» What to work on:
Everything from the line holding "Antique botanic needlepoint carpet" to the last line of the material below must be retyped exactly, minus any pictures.

» Collected material:
+-------+

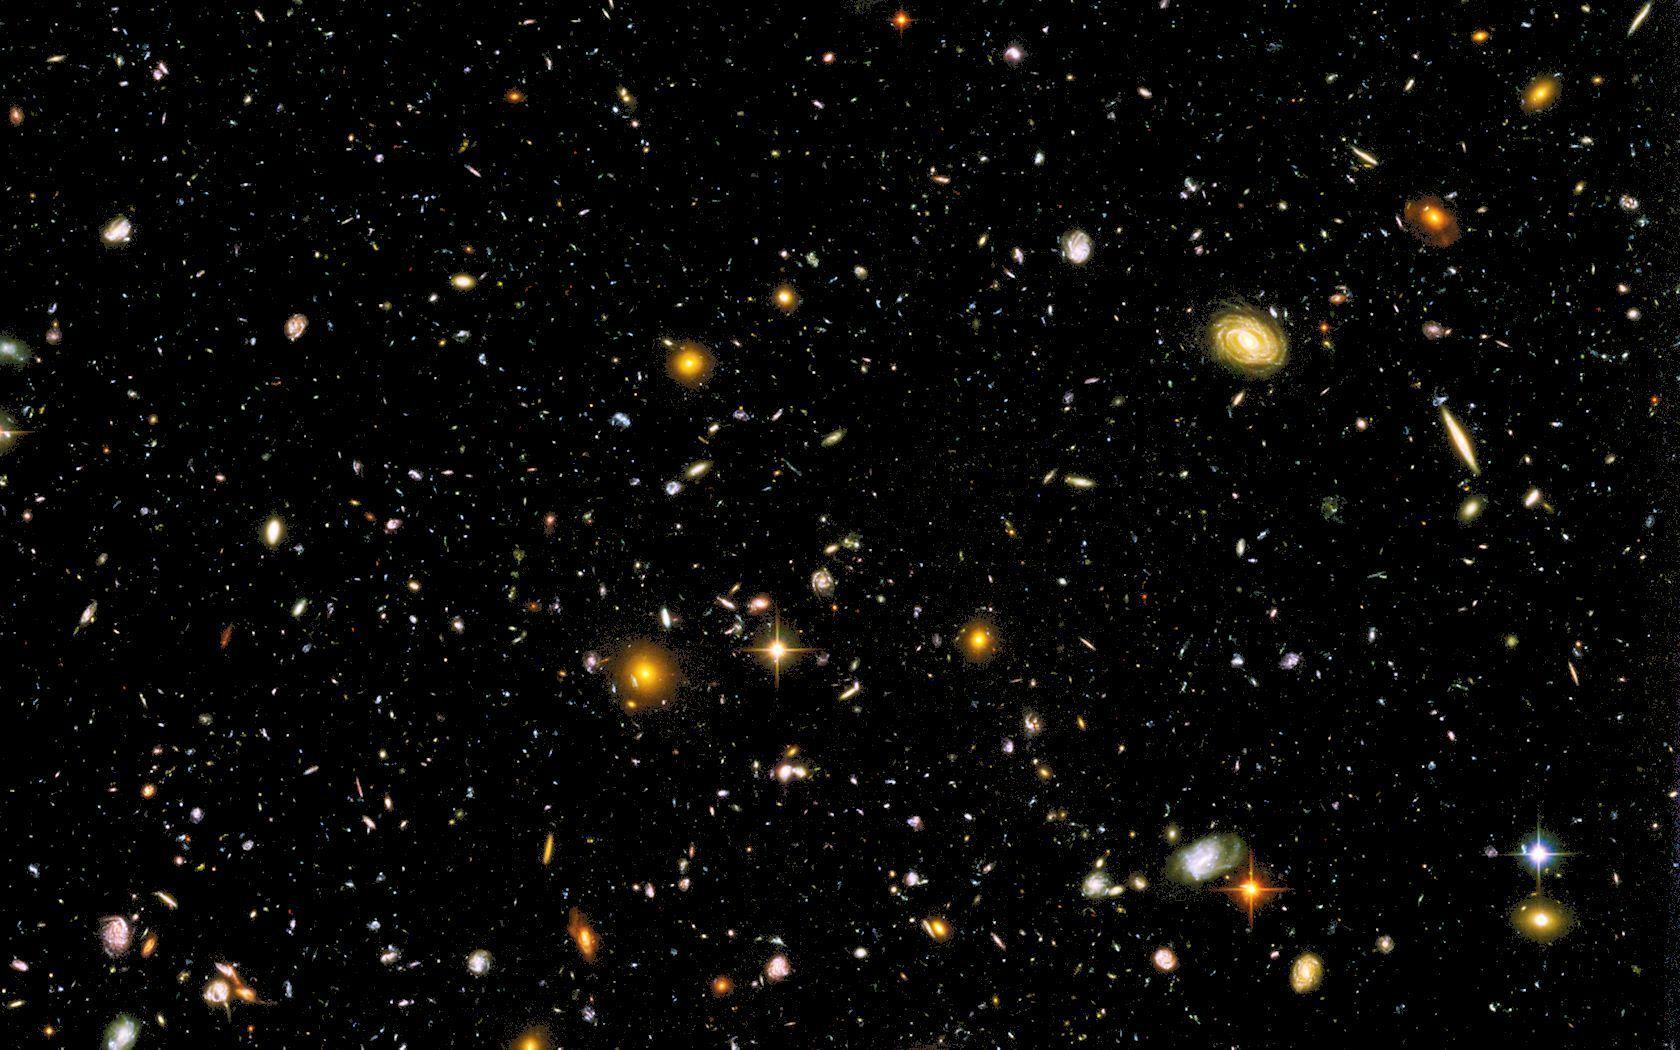 Hubble Ultra Deep Field Image 25 Cool HD. Wallpaperiz
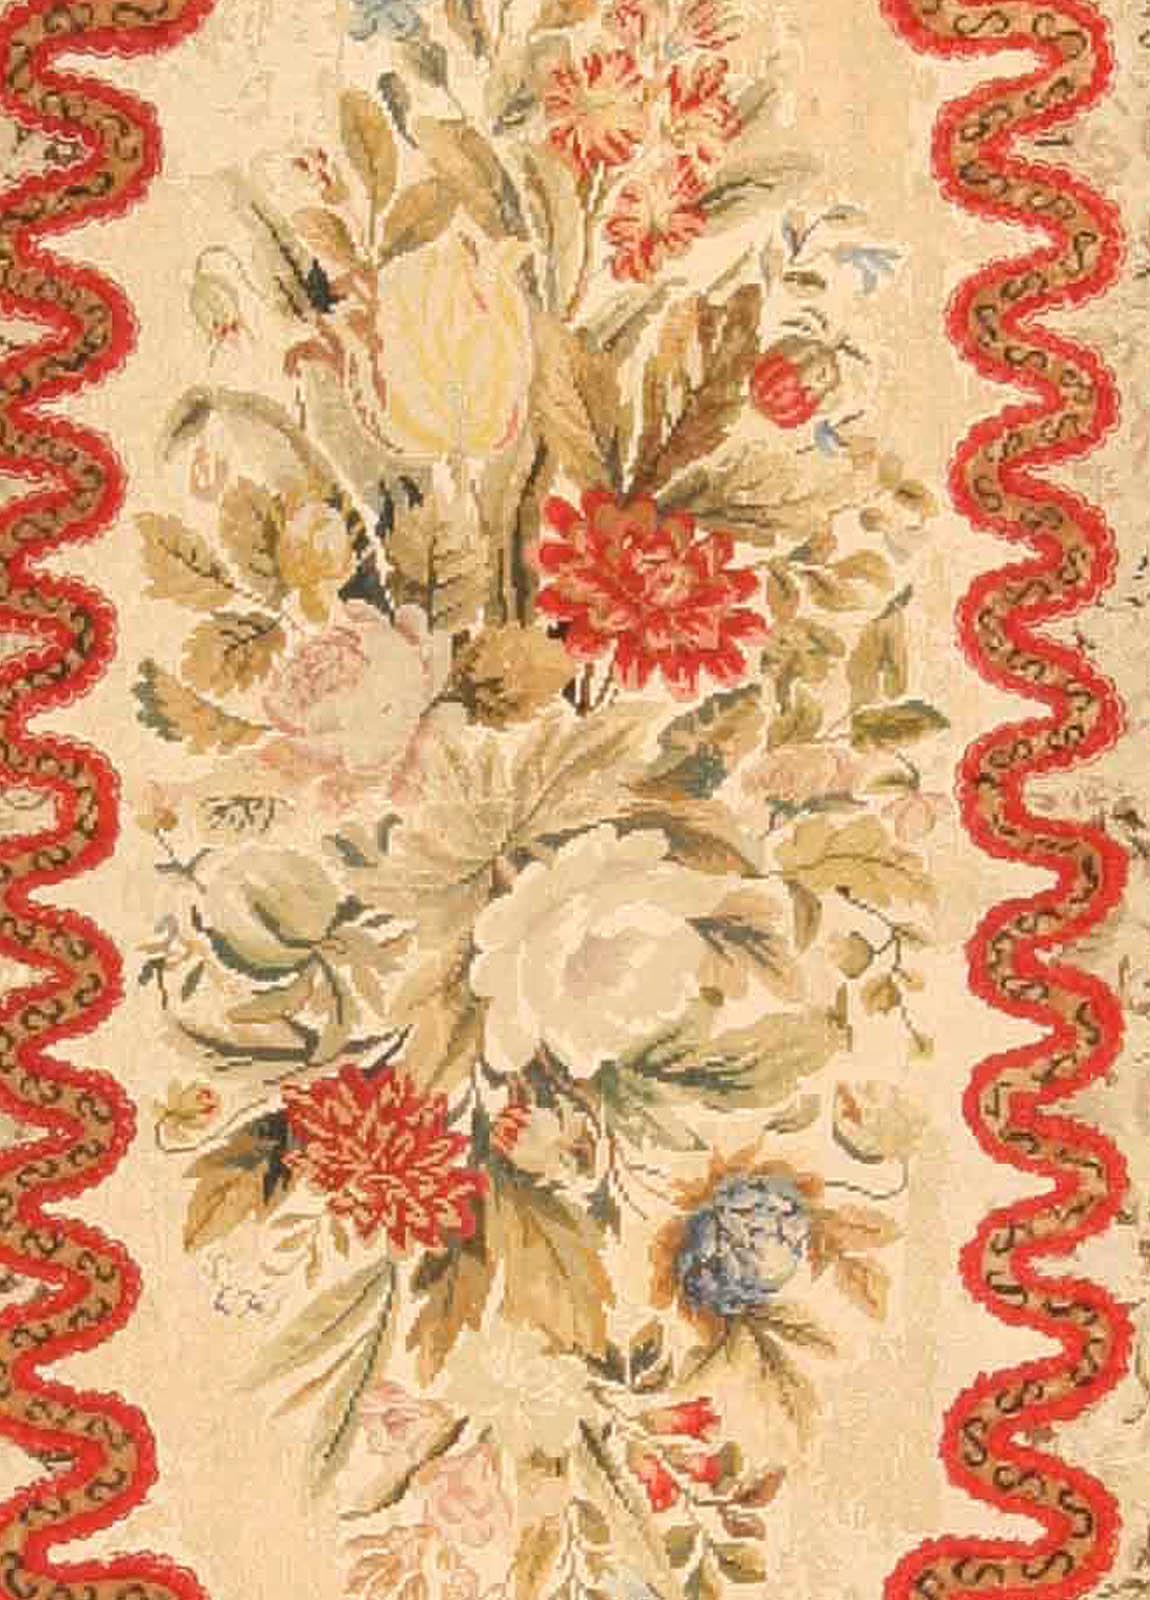 Antique botanic needlepoint carpet
Size: 10'0
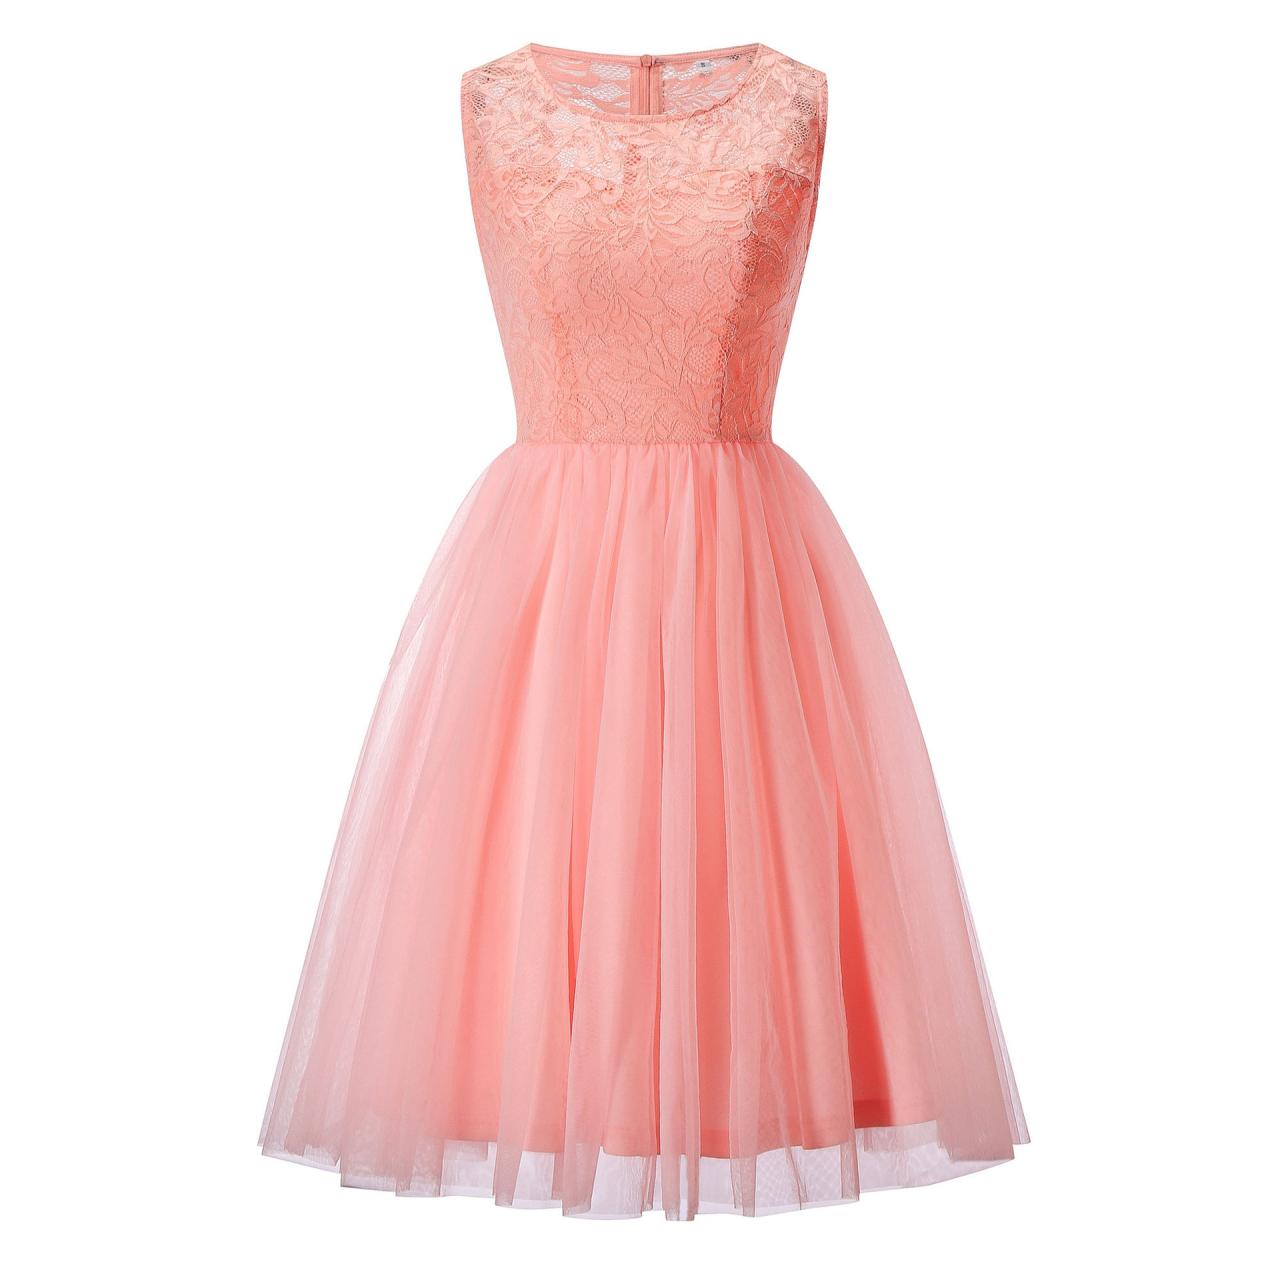 Fashion Lace Splicing Chiffon Knee Length Dress - Pink

+-------+

» Task solution:
 Antique botanic needlepoint carpet
Size: 10'0
 Fashion Lace Splicing Chiffon Knee Length Dress - Pink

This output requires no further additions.